→ What is being asked
Write out the material below again, line for line, without any images.

→ Collected material
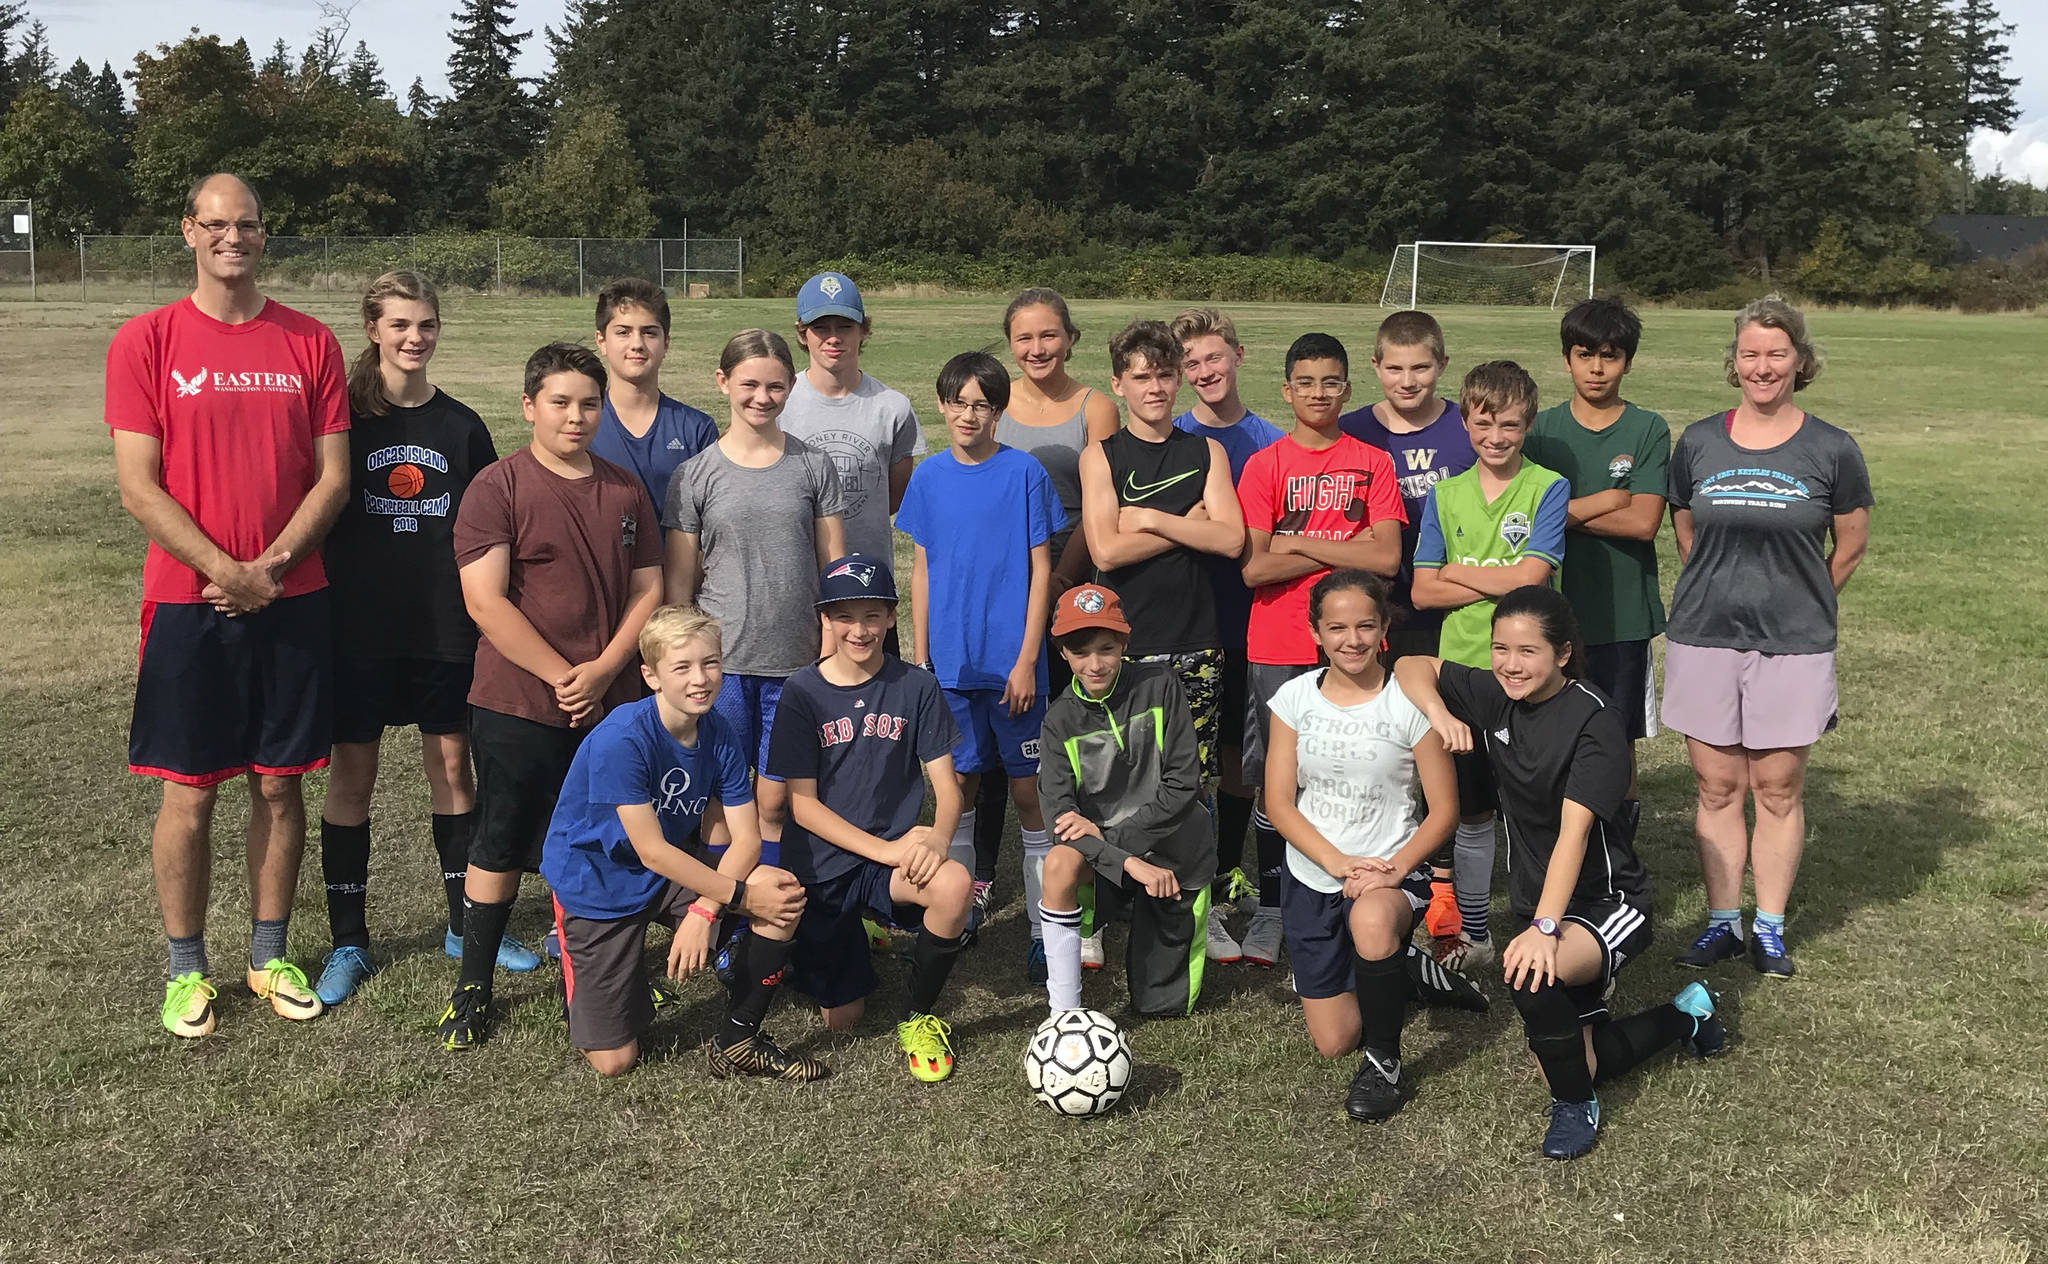 Back row, left to right: Coach Phil Carter, Bethany Carter, Diego Lago, Lael Watson, Celia Groeninger, Elijah Giampietro, Paxton White, Kashi Campbell and coach Kate Long. Middle row: Orion Meskew, Meriel Griffith, Theo Vaccarella, Tommy Anderson-Cleveland, Pedro Guerra and Ethan Moss. Front row: Sam Sutton, Jefferson Freeman, Isaac Moss, Milana Schneider and Meg Waldron.
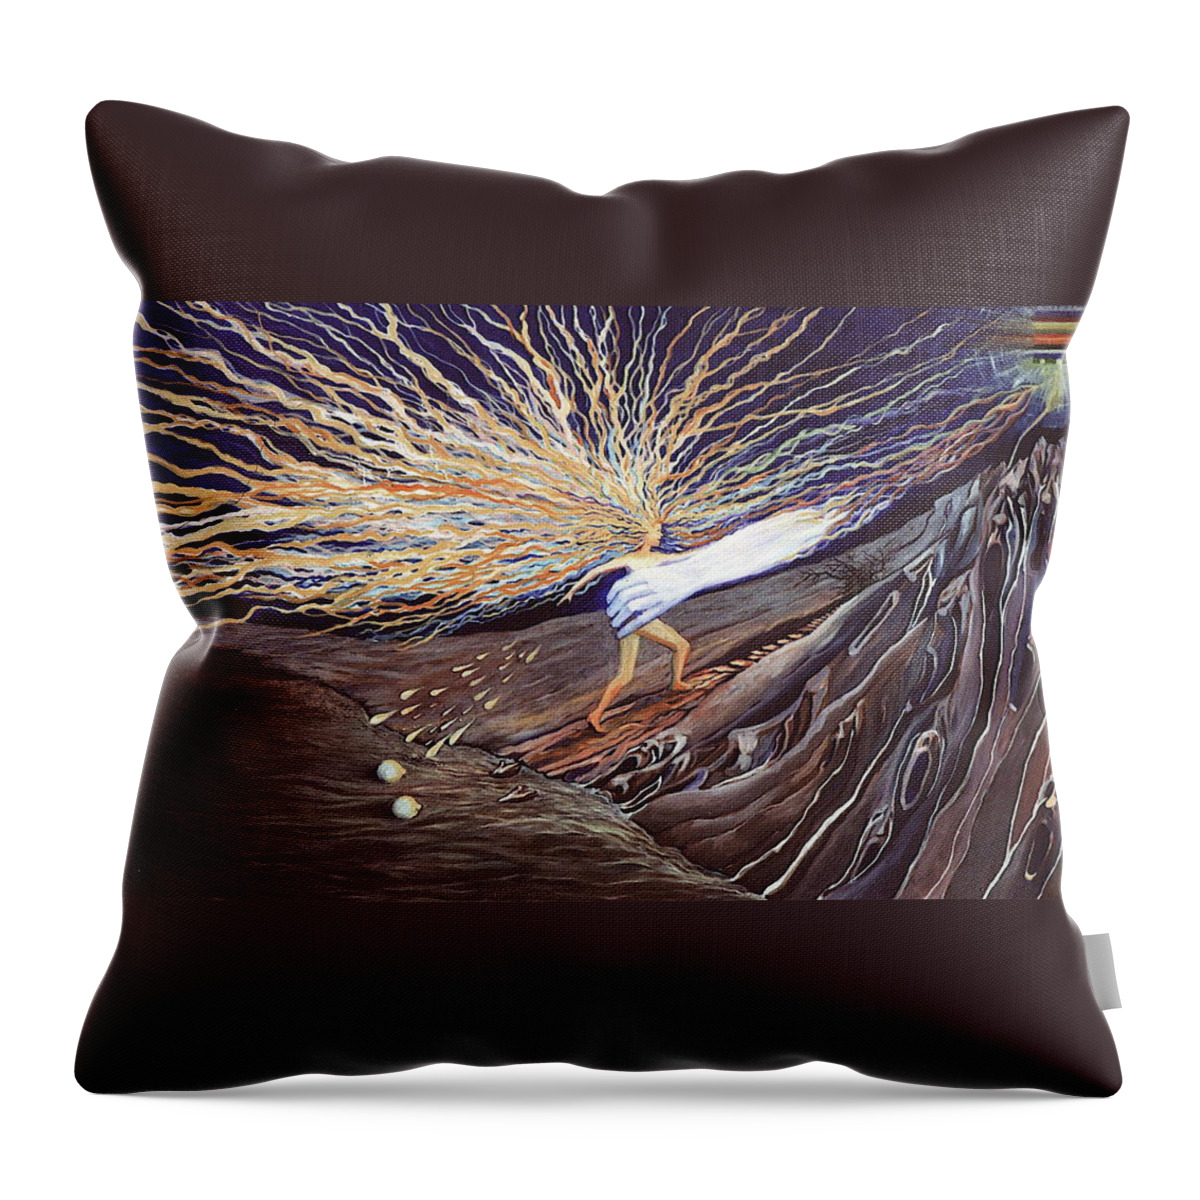 Christian Throw Pillow featuring the painting Out of the Miry Clay by Jeanette Jarmon
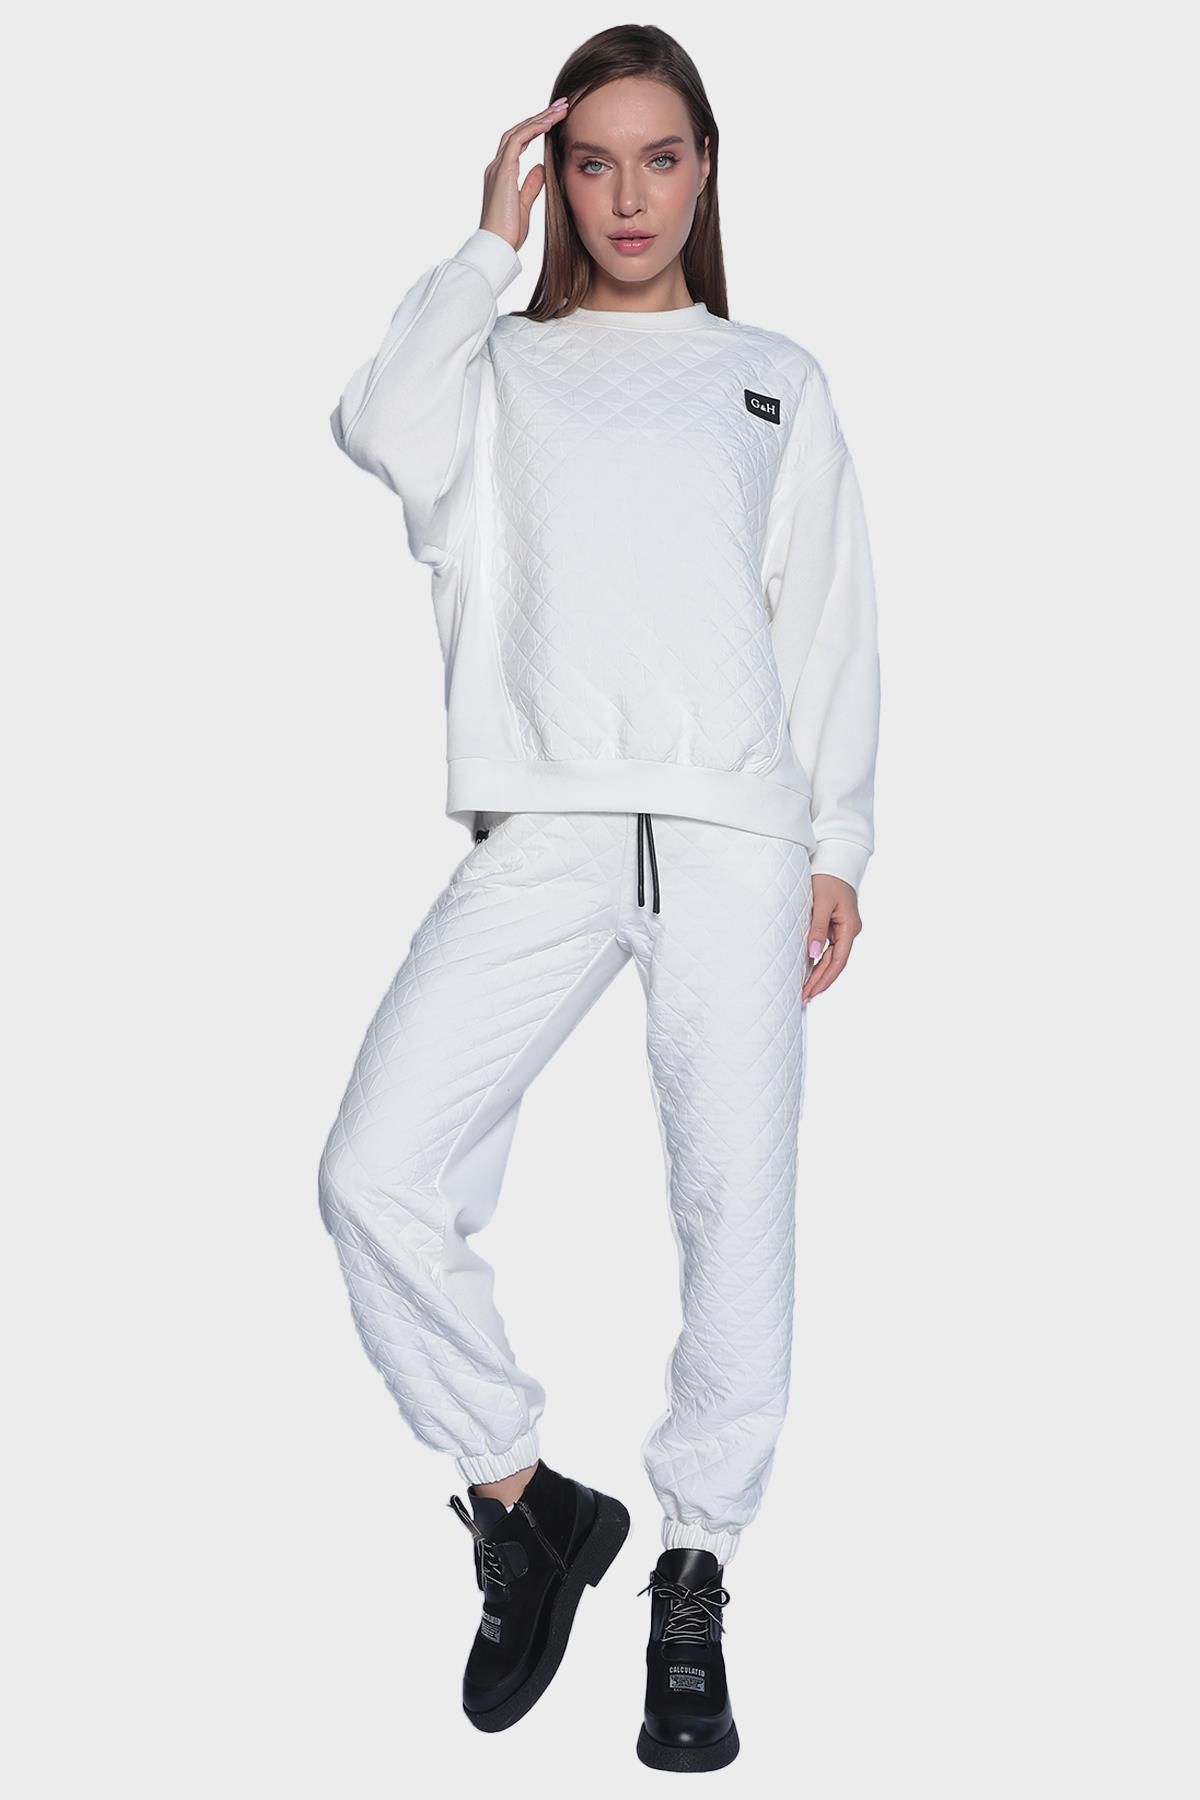 Womens Sports Style Quilted Sweatshirt and Sweatpants Set - White
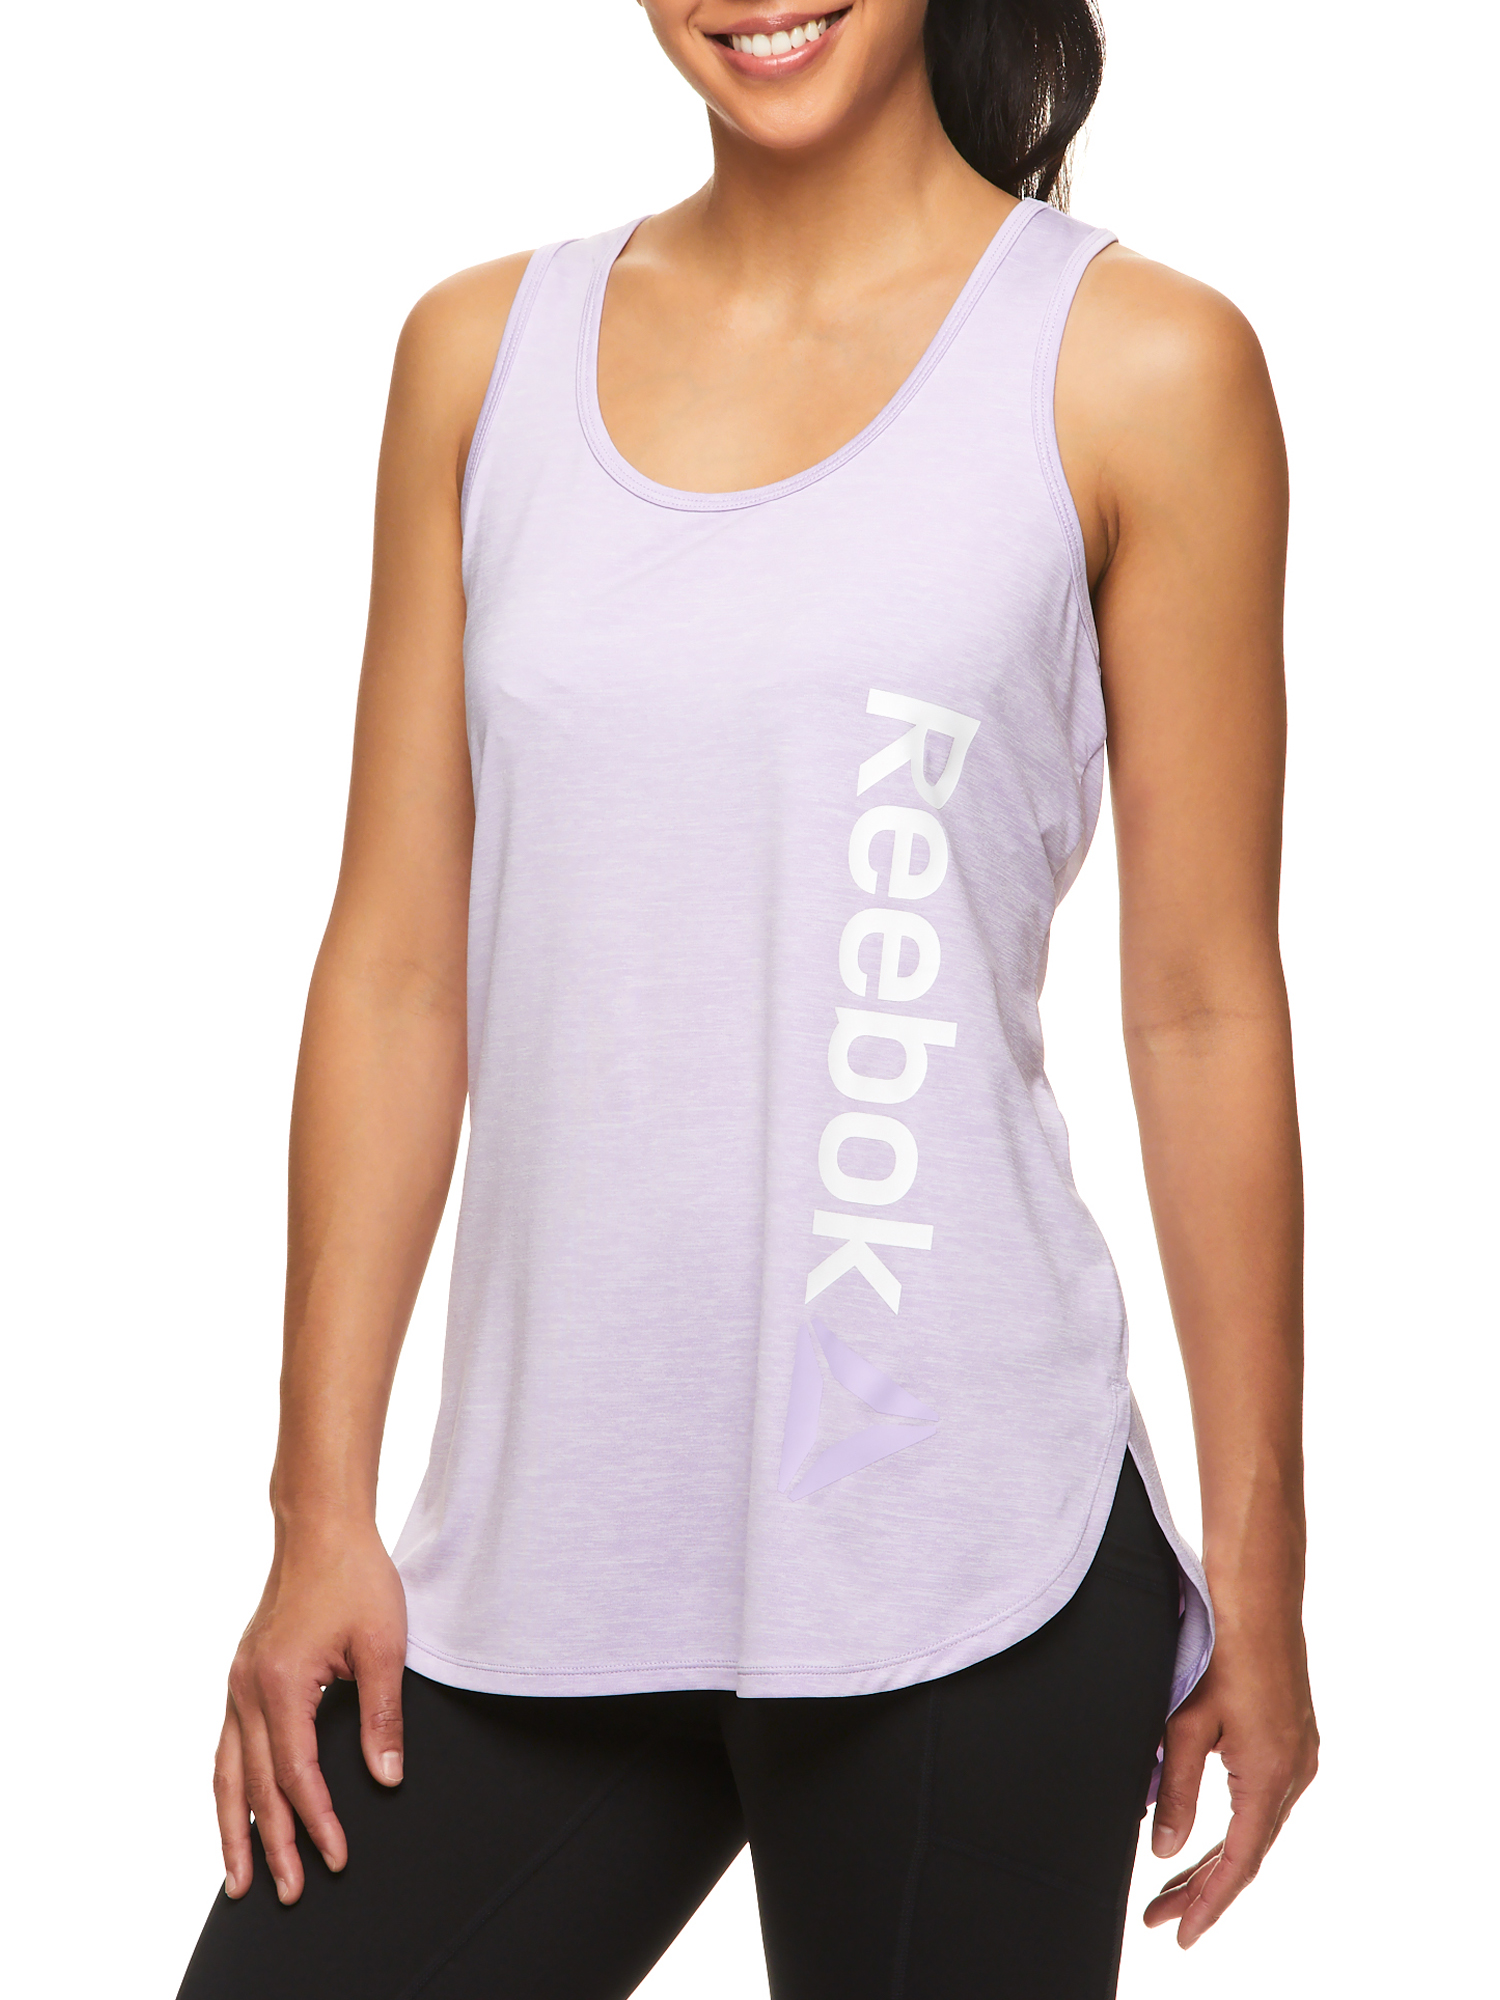 Reebok Women's Mythic Graphic Tank Top - image 1 of 4

→ Answer space
 Back row, left to right: Coach Phil Carter, Bethany Carter, Diego Lago, Lael Watson, Celia Groeninger, Elijah Giampietro, Paxton White, Kashi Campbell and coach Kate Long. Middle row: Orion Meskew, Meriel Griffith, Theo Vaccarella, Tommy Anderson-Cleveland, Pedro Guerra and Ethan Moss. Front row: Sam Sutton, Jefferson Freeman, Isaac Moss, Milana Schneider and Meg Waldron.
 Christian Throw Pillow featuring the painting Out of the Miry Clay by Jeanette Jarmon
 Womens Sports Style Quilted Sweatshirt and Sweatpants Set - White
 Reebok Women's Mythic Graphic Tank Top - image 1 of 4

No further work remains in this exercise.